# Horse insurance?



## 000000blue (20 October 2013)

I am hoping to get my first horse soon.  Who provides the best cover at a reasonable price please? 

I am 13, the horse is 13 too, part arab gelding.

Thanks everyone, so happy to have found this forum


----------



## hnmisty (20 October 2013)

H&H do a insurance comparison thing. What I'd do is when you know you are getting this horse go on there and see what quotes you get. I've heard bad things about the company who usually offers the cheapest quote. I'm with amtrust and whilst I haven't had to use them yet, I've been told good things about them.

I'd imagine that at your age the iinsurance would have to be in one of your parent's names.

Cost depends on what you want, how much excess you're willing to pay etc. Obviously the more excess you're happy to pay the cheaper it should be!


----------



## ZoeF (22 October 2013)

I'm with E&L, I've not had to use them yet but its a good cover at a reasonable cost (My horse is on full loan to me and the owner was more than happy with the cover I have). Depending on how much cover you want you could look at membership with the BHS, if you're a gold member you get TP insurance free with your membership, just an idea.
Enjoy your new horse!!


----------



## Buddy'sMum (22 October 2013)

I wouldn't touch E&L, or any company underwritten by them, wih a very long bargepole. Had a very bad experience with my first ever claim, after 15+ years of having all my horses insured with them. Yes, they're cheap but they're notoriously bad at settling claims.

Have tried and failed twice to get cover with NFU, who both times have said they'll only insure my horses (4) if I take out another type of insurance (eg house) with them at the same time.
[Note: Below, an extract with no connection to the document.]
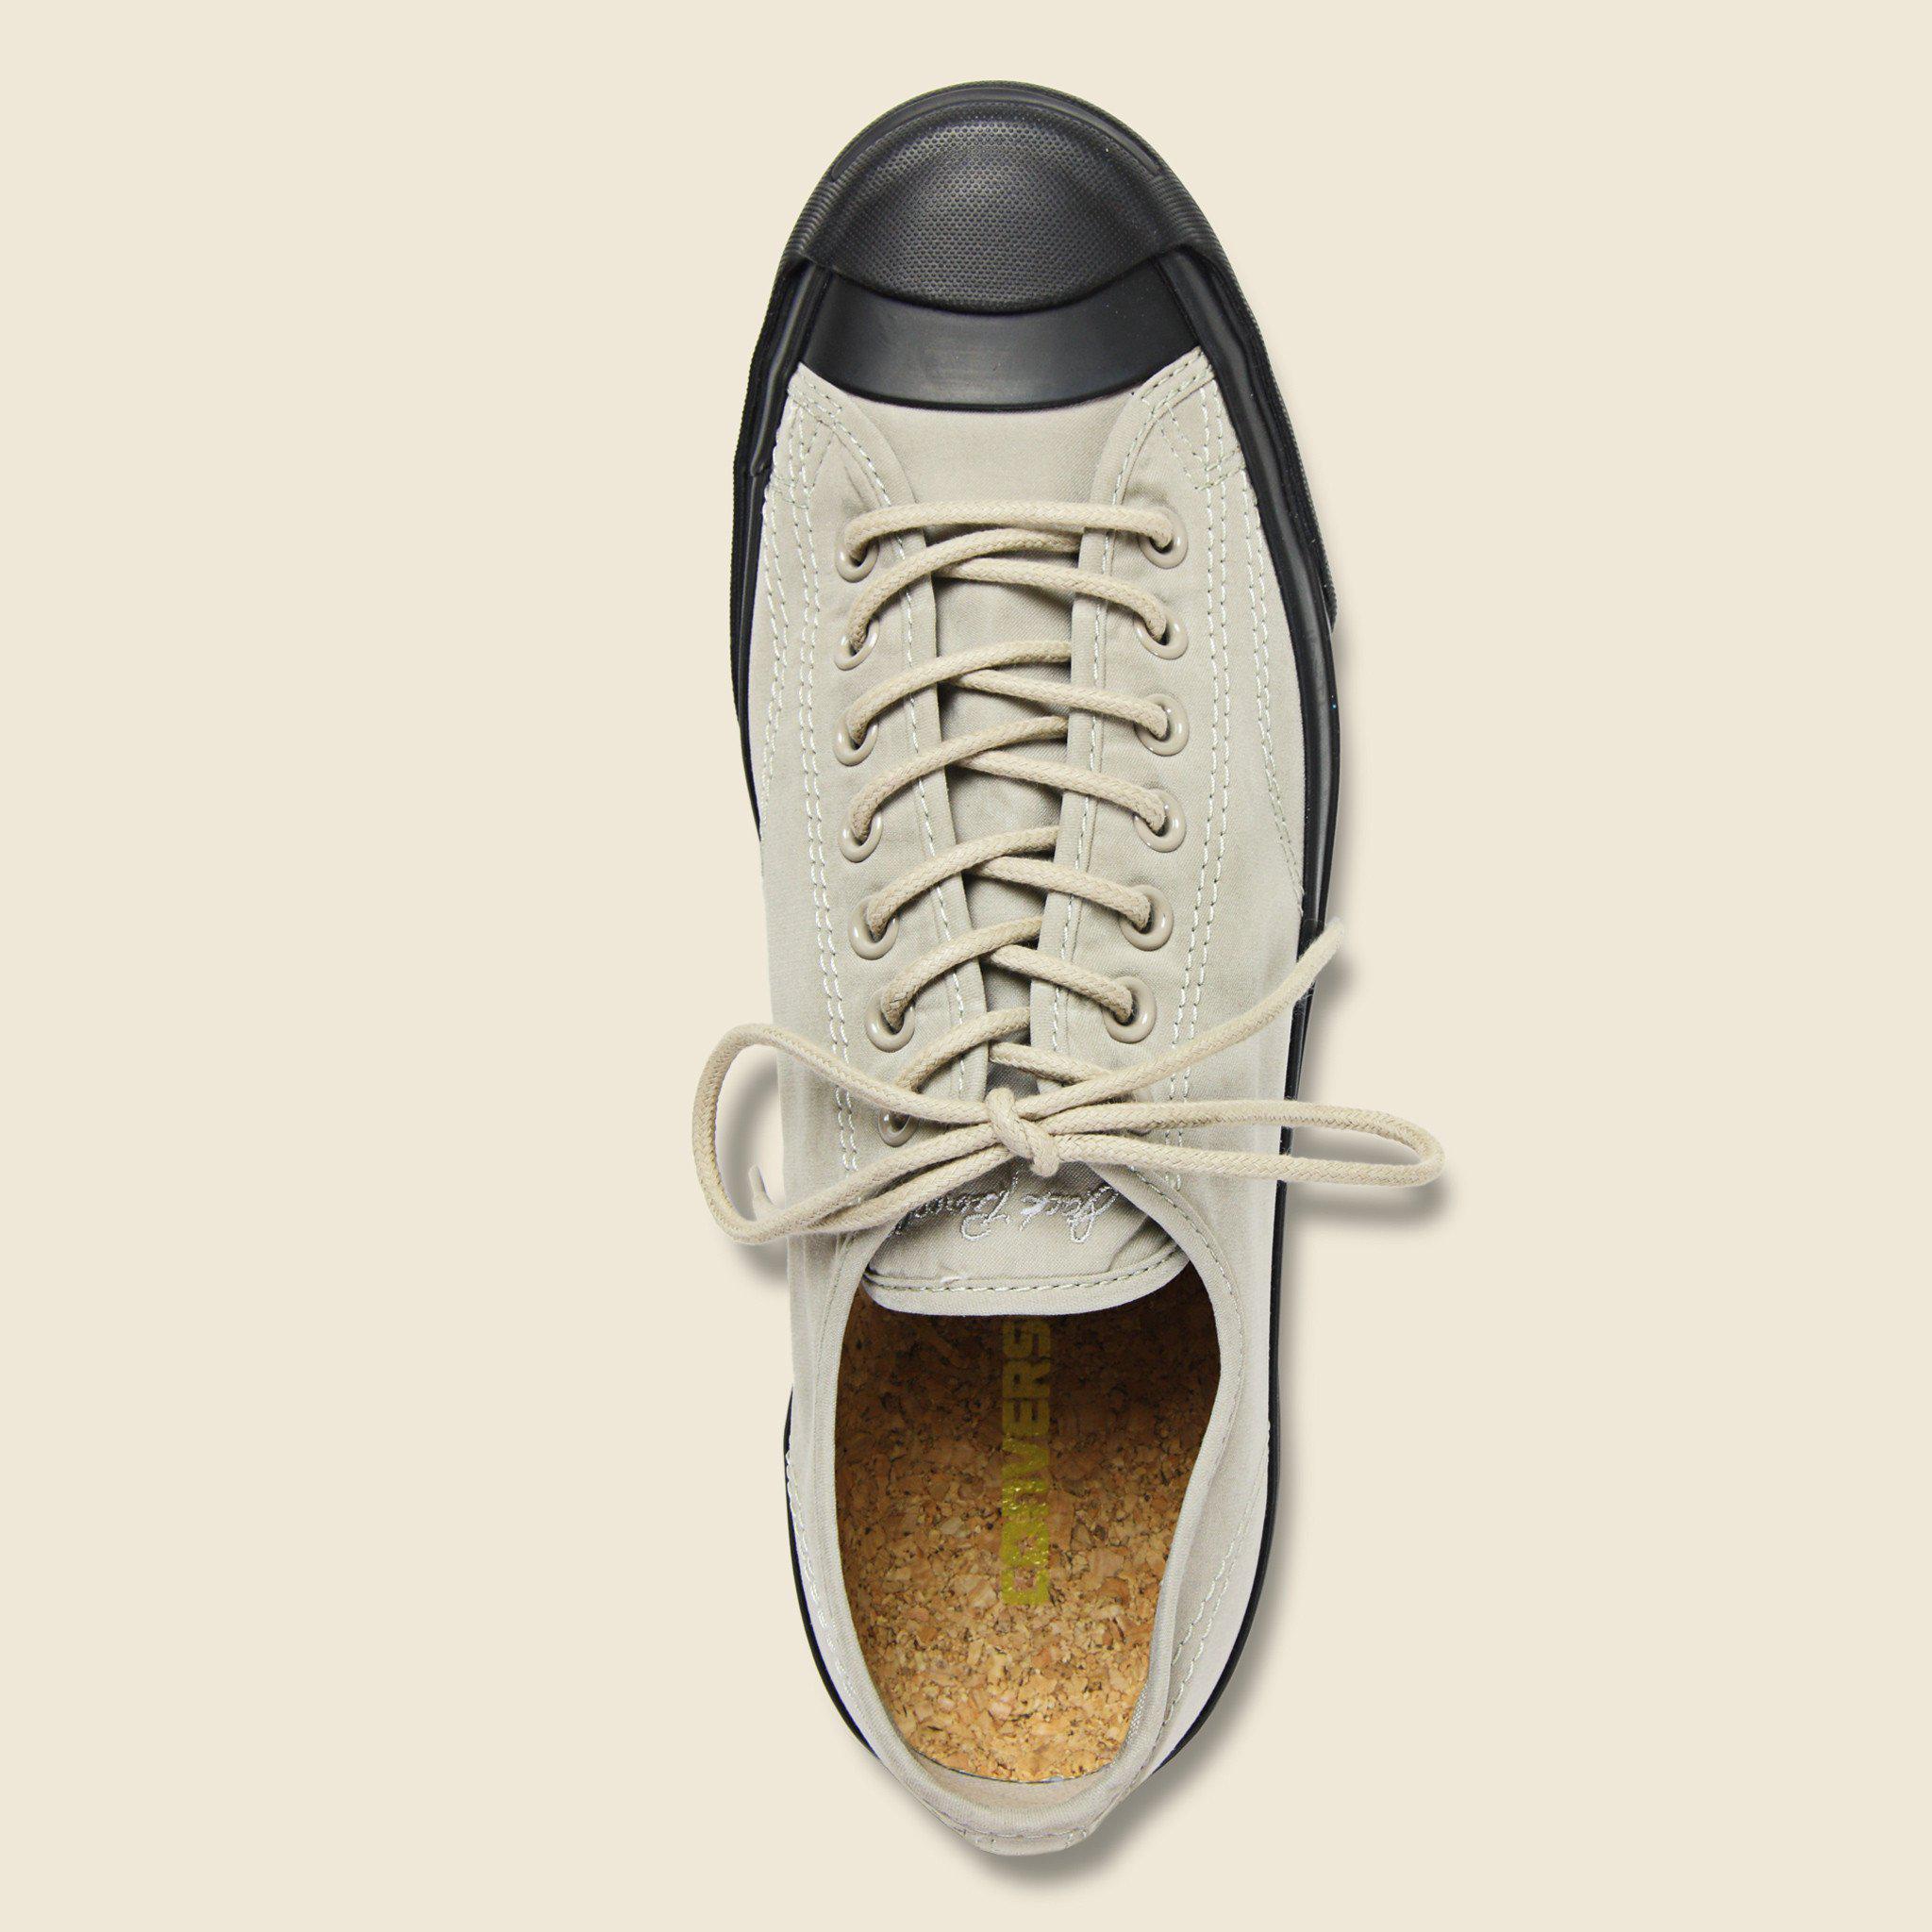 Converse Jack Purcell Jack - Papyrus/black for Men - Lyst
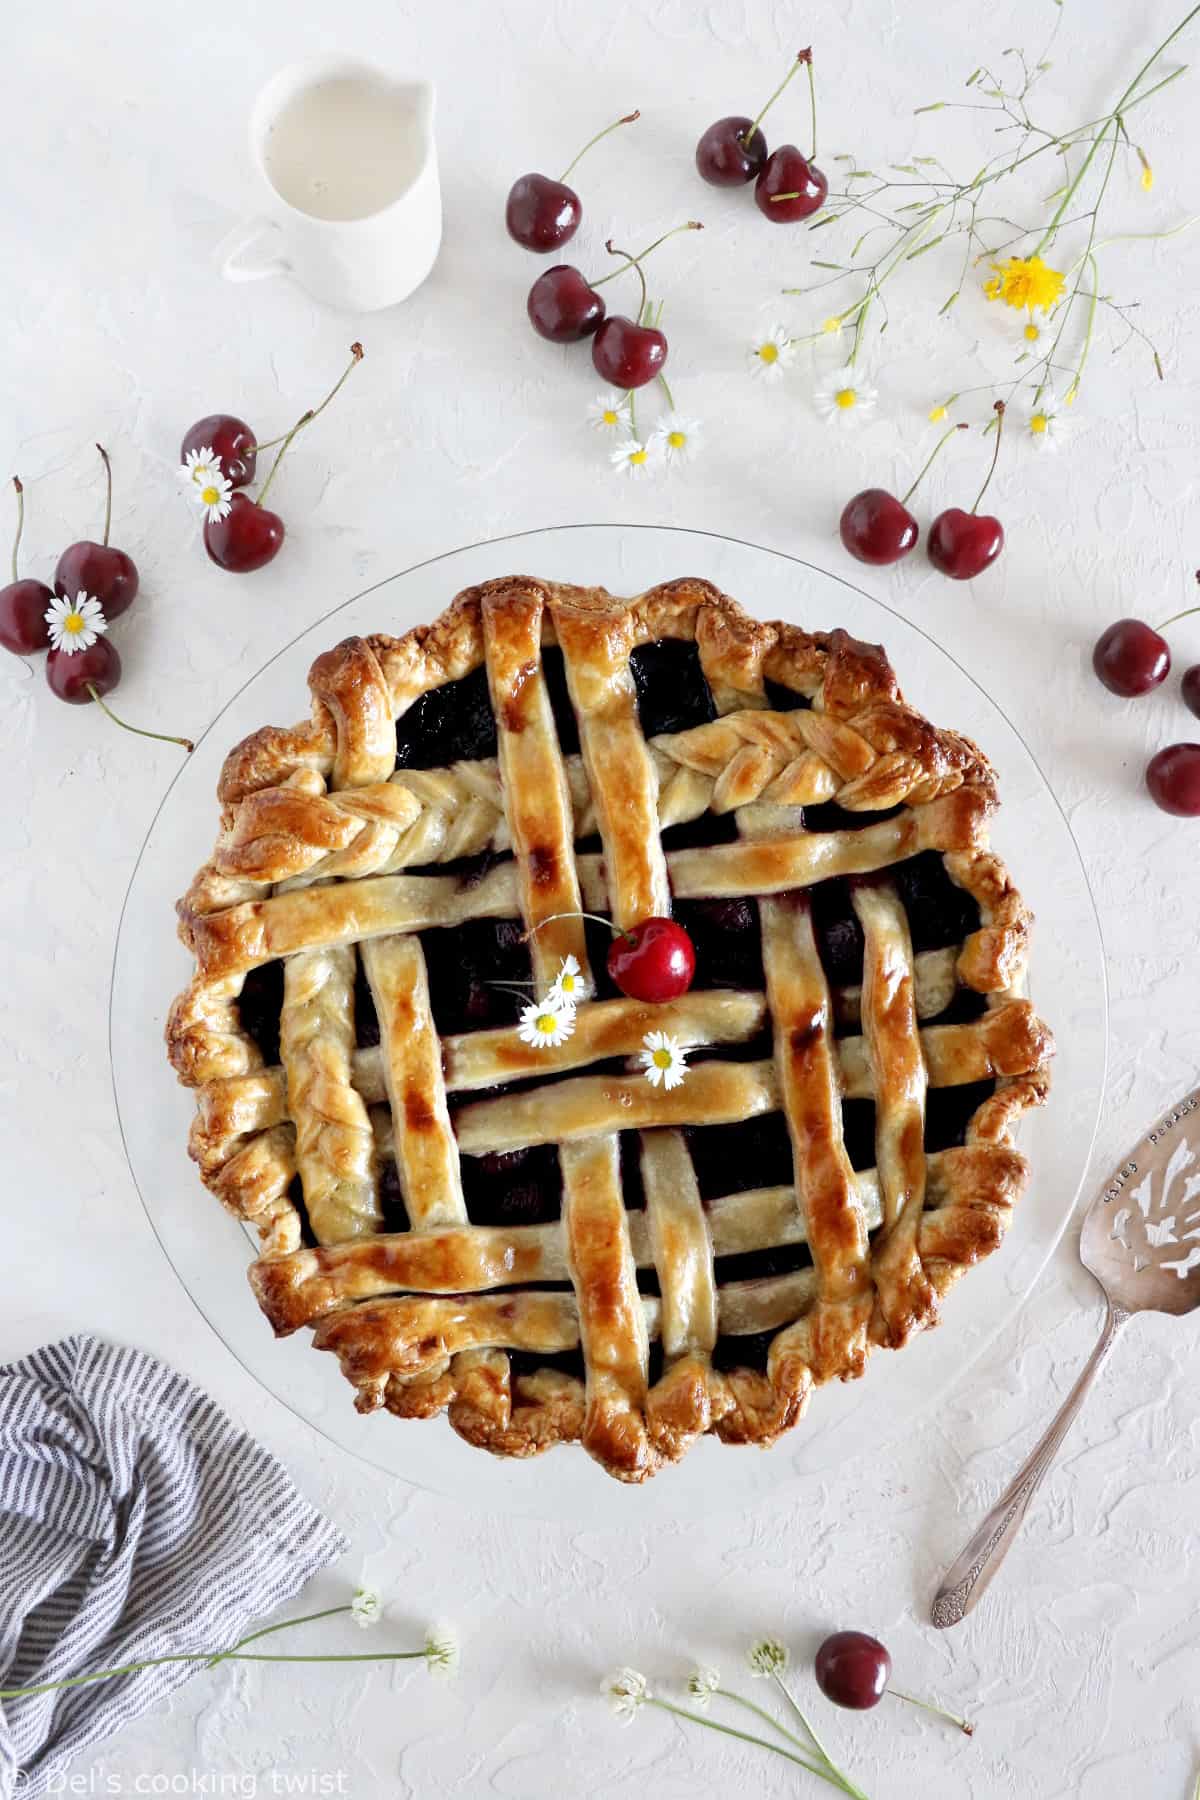 Say hello to the best homemade cherry pie, baked from scratch with an easy butter pie crust.

So it seems like they're not that interested in horse insurance.

AmTrust and KBIS both provide comprehensive cover and are reasonably priced.


----------



## dianchi (22 October 2013)

DO NOT USE E&L

Other than that get lots of quotes and shop around.


----------



## 000000blue (22 October 2013)

Buddy'sMum said:



			I wouldn't touch E&L, or any company underwritten by them, wih a very long bargepole. Had a very bad experience with my first ever claim, after 15+ years of having all my horses insured with them. Yes, they're cheap but they're notoriously bad at settling claims.

Have tried and failed twice to get cover with NFU, who both times have said they'll only insure my horses (4) if I take out another type of insurance (eg house) with them at the same time. So it seems like they're not that interested in horse insurance.

AmTrust and KBIS both provide comprehensive cover and are reasonably priced.
		
Click to expand...

Love you guys - you're great!

Anyone ever claimed through AmTrust or KBIS please?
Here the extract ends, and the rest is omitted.